'''

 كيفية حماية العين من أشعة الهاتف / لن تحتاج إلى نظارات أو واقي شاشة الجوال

'''
'''

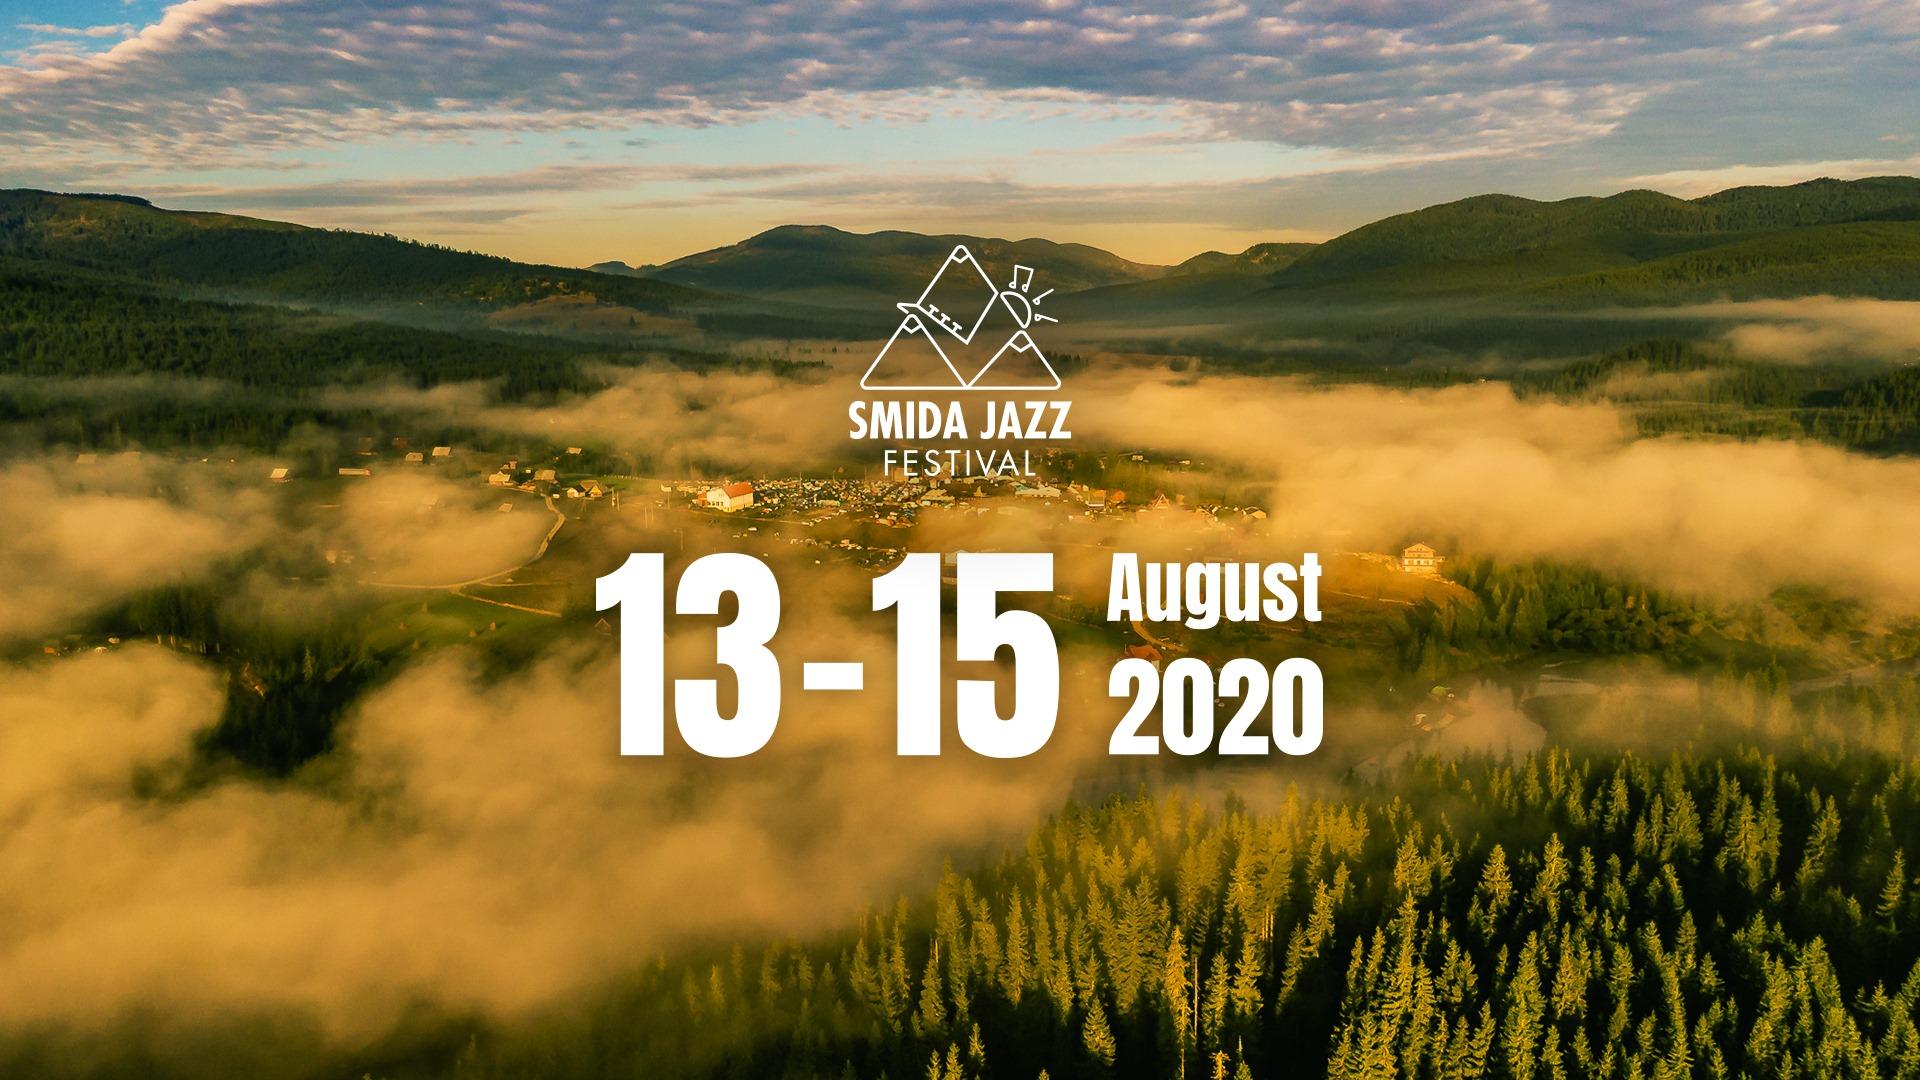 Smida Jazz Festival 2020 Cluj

'''
'''

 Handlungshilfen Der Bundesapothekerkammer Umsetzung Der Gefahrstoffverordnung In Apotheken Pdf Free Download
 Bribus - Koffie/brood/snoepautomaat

'''

Exercise aim: Reproduce exactly, and with no other material, the lines between those holding "Handlungshilfen Der Bundesapothekerkammer" and "Bribus - Koffie/brood/snoepautomaat", inclusive.

Expected output:
 Handlungshilfen Der Bundesapothekerkammer Umsetzung Der Gefahrstoffverordnung In Apotheken Pdf Free Download
 Bribus - Koffie/brood/snoepautomaat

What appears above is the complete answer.